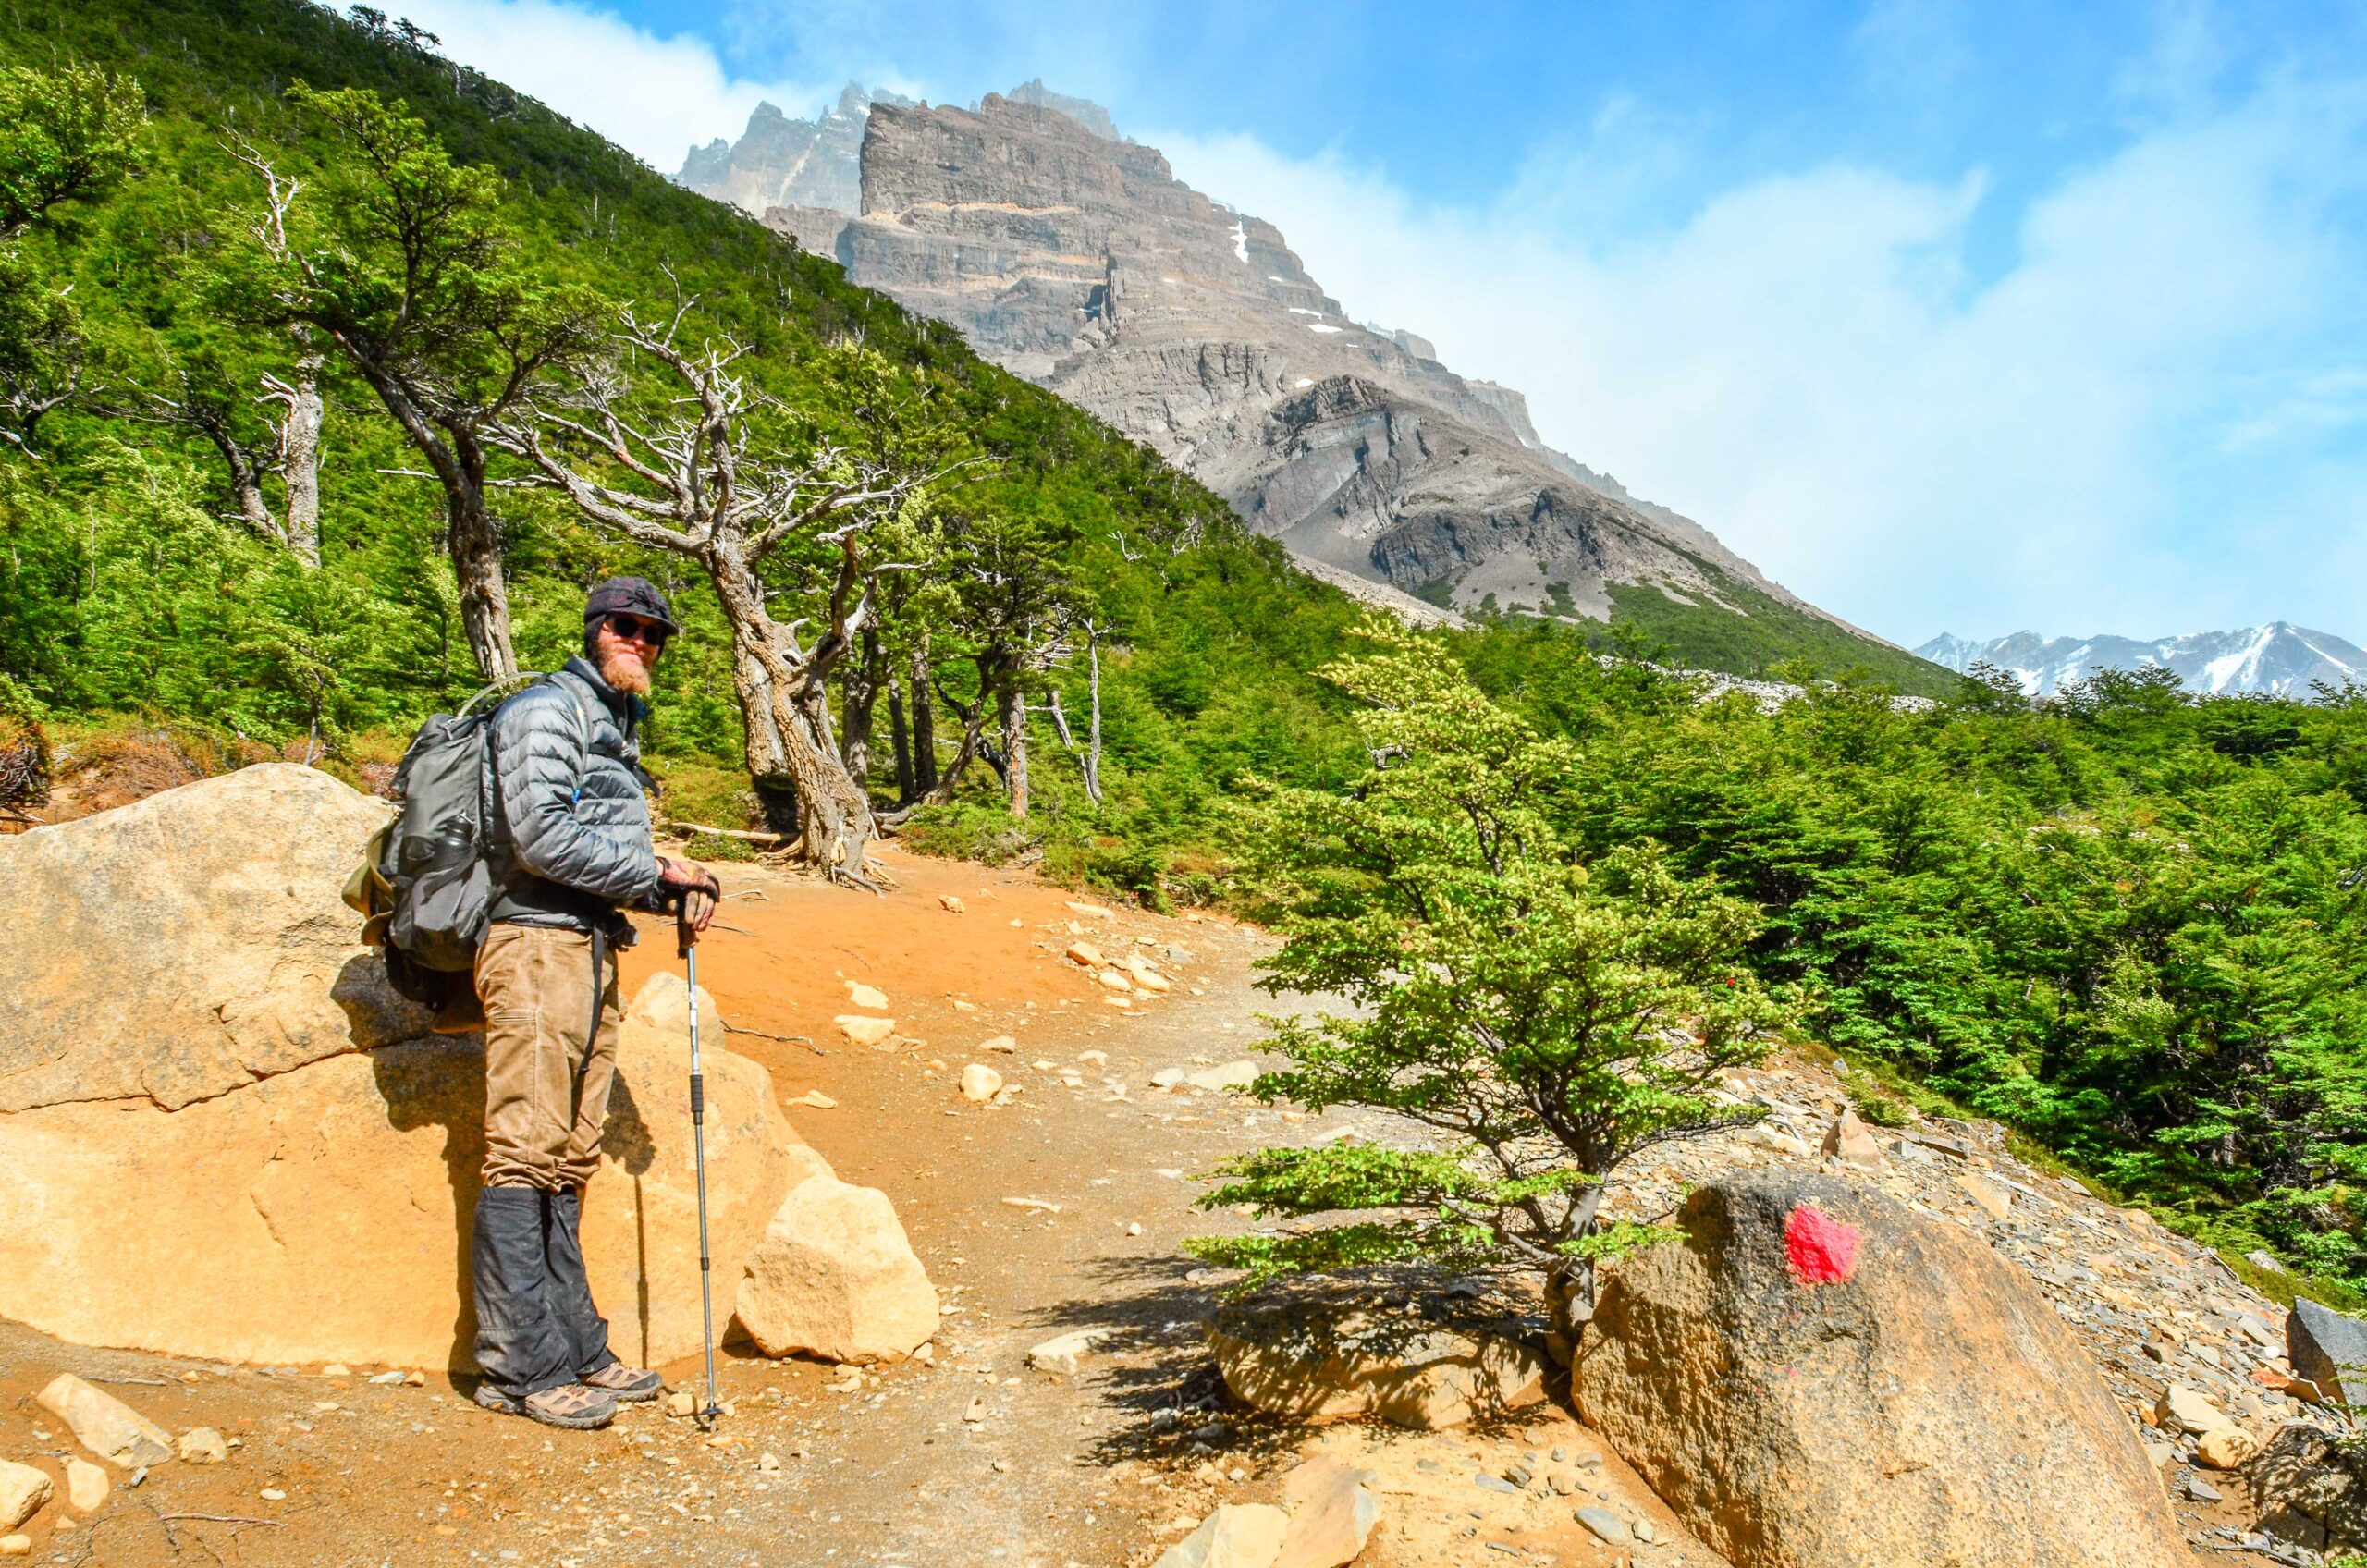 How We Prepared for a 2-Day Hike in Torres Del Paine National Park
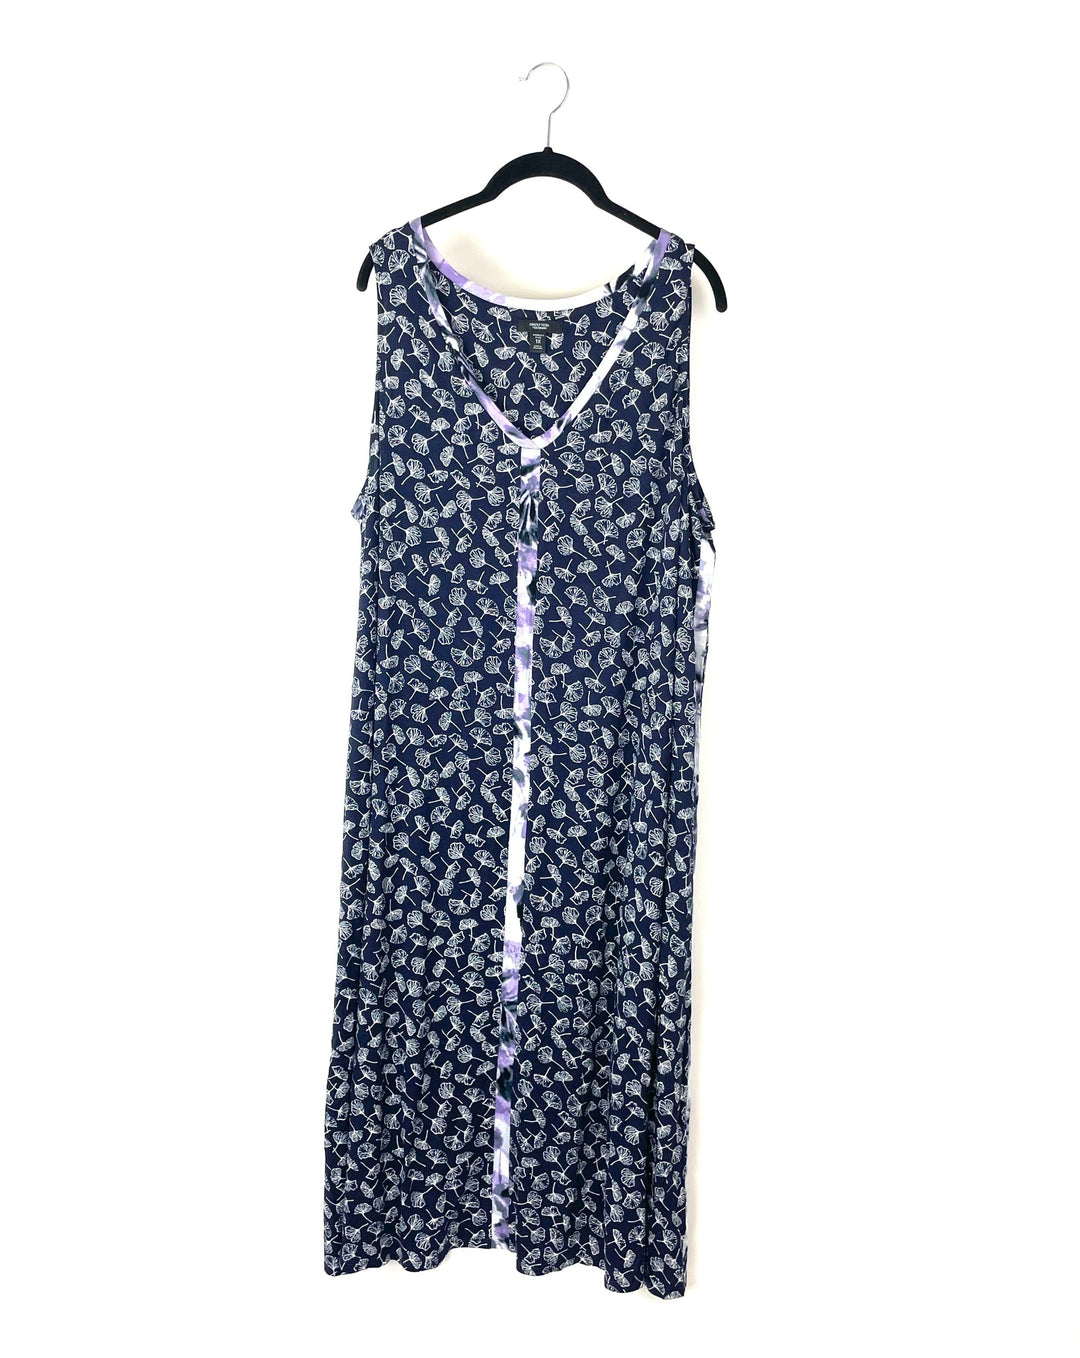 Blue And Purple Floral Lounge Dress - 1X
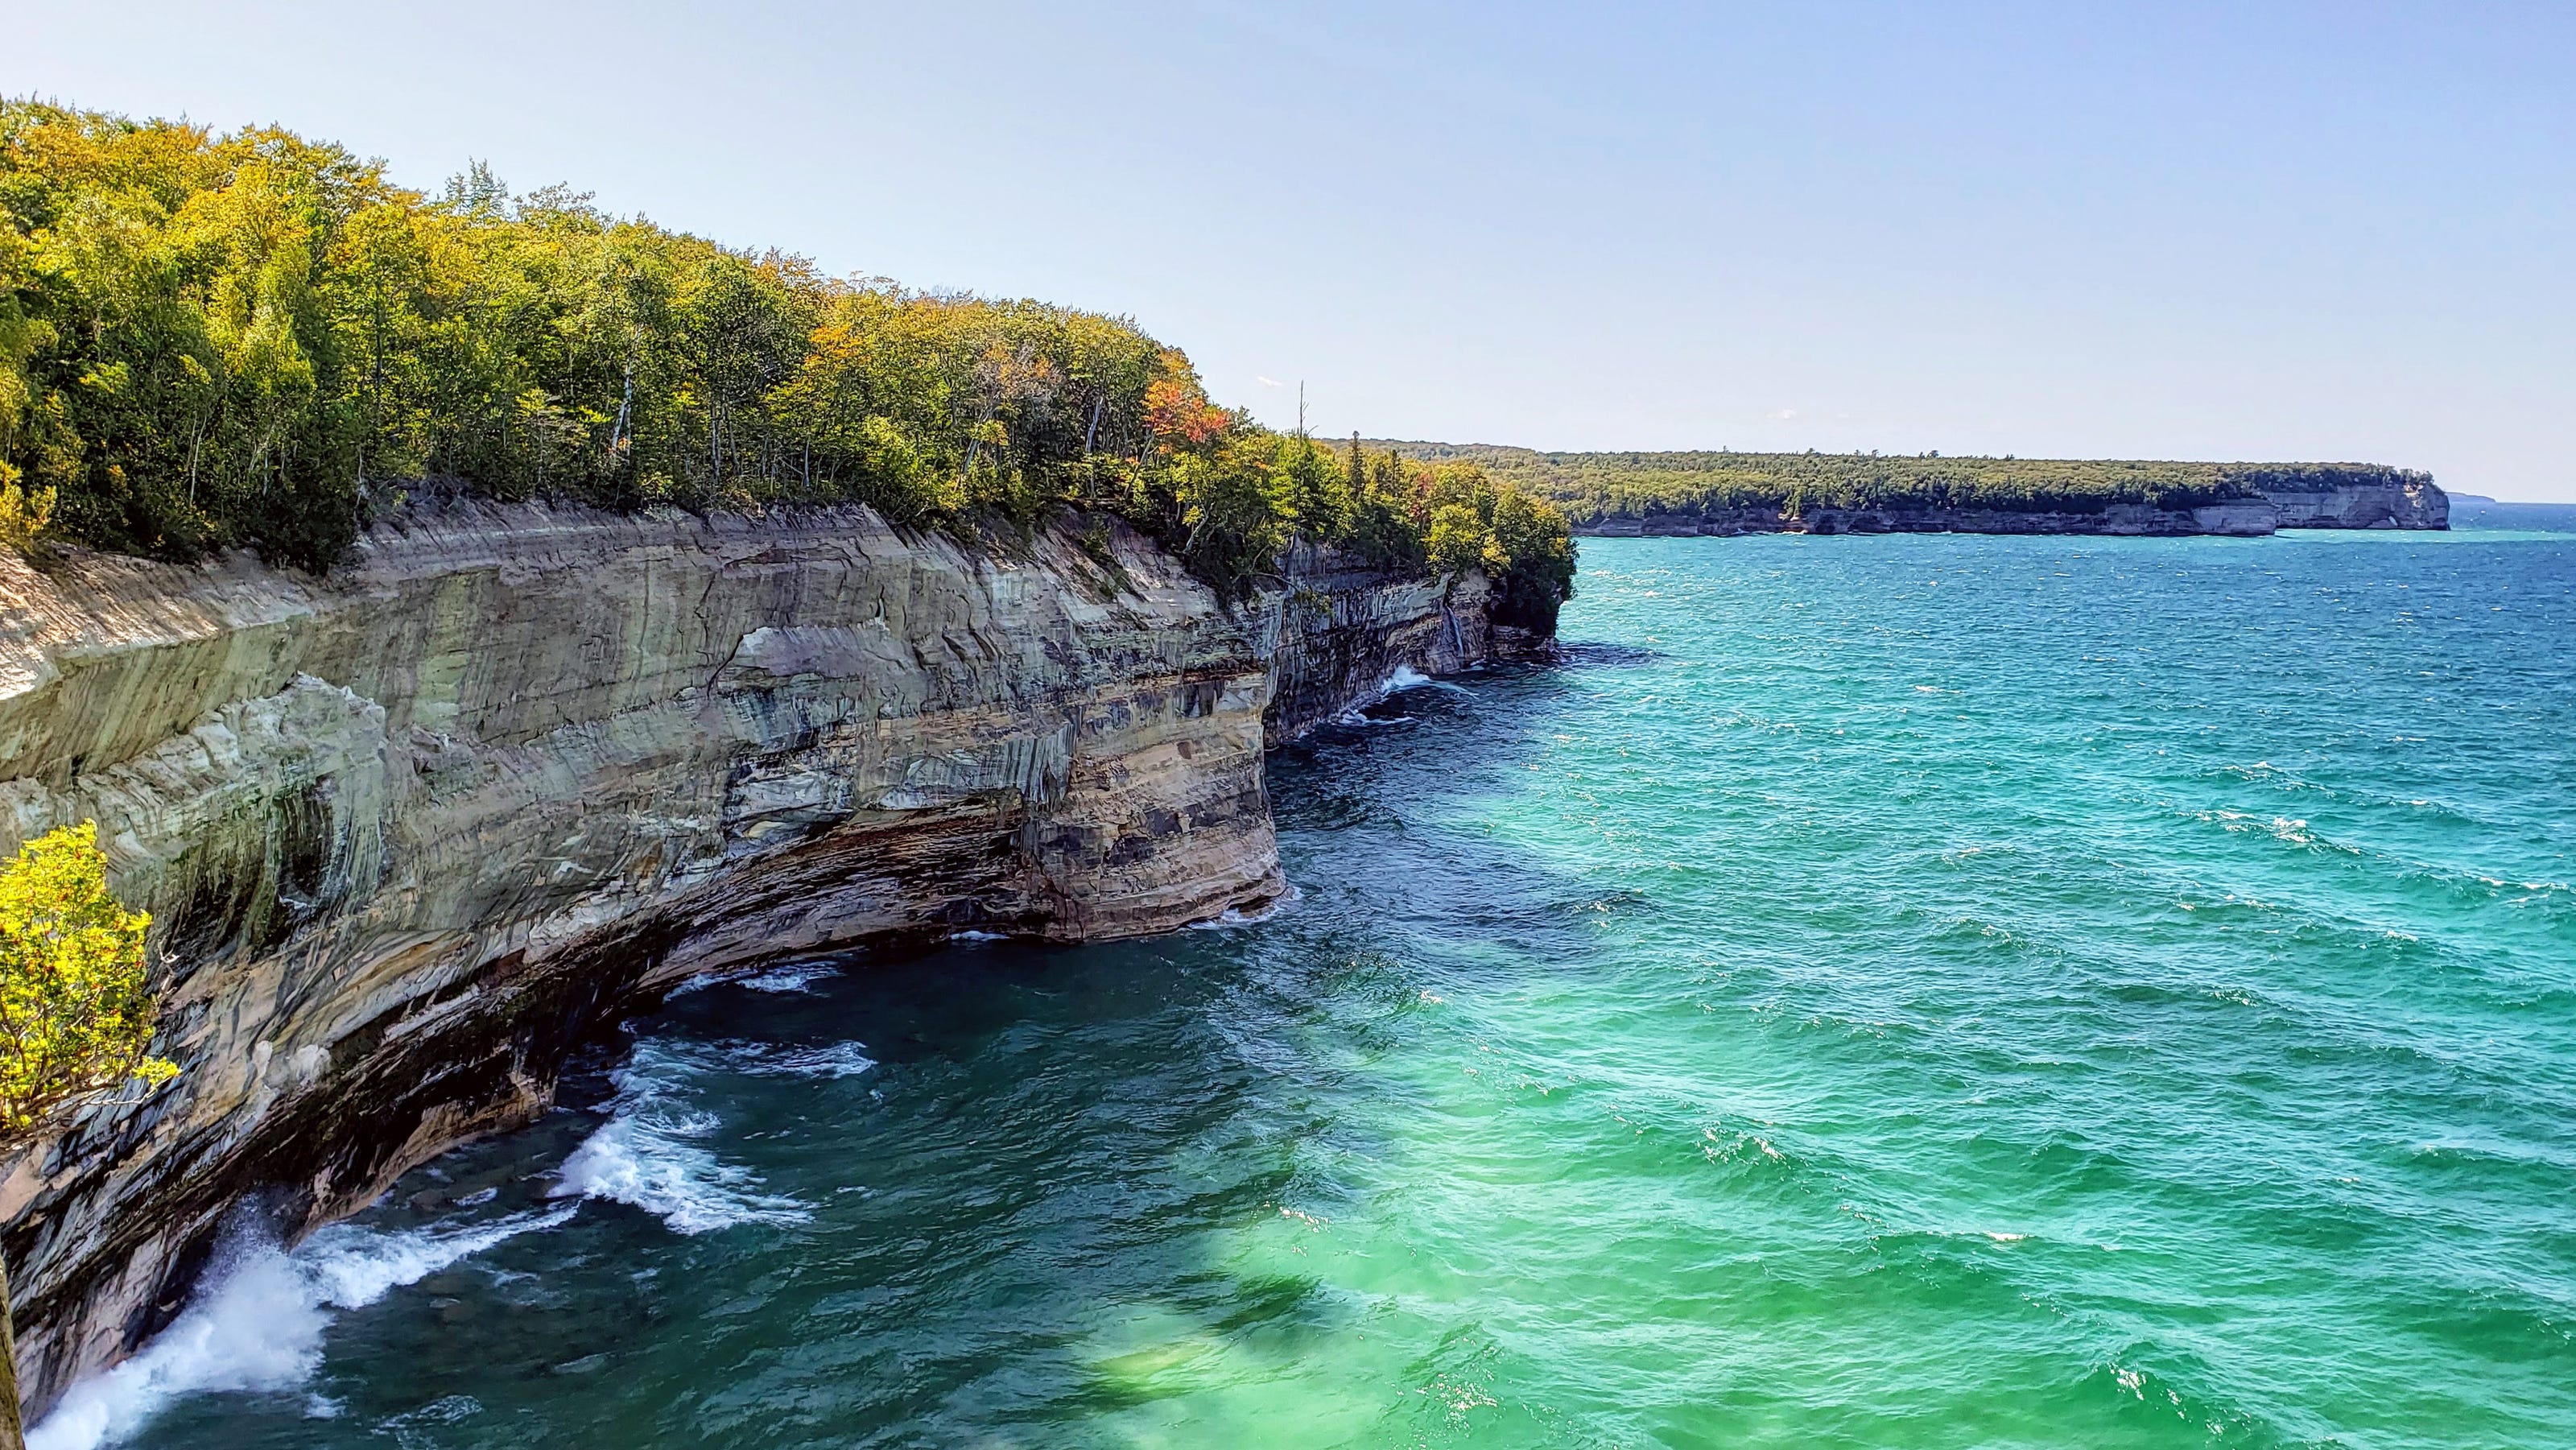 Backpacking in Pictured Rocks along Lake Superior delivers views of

What is expected
Repeat the material verbatim. Do not carry over any picture.

Answer box
 How We Prepared for a 2-Day Hike in Torres Del Paine National Park
 Blue And Purple Floral Lounge Dress - 1X
 Backpacking in Pictured Rocks along Lake Superior delivers views of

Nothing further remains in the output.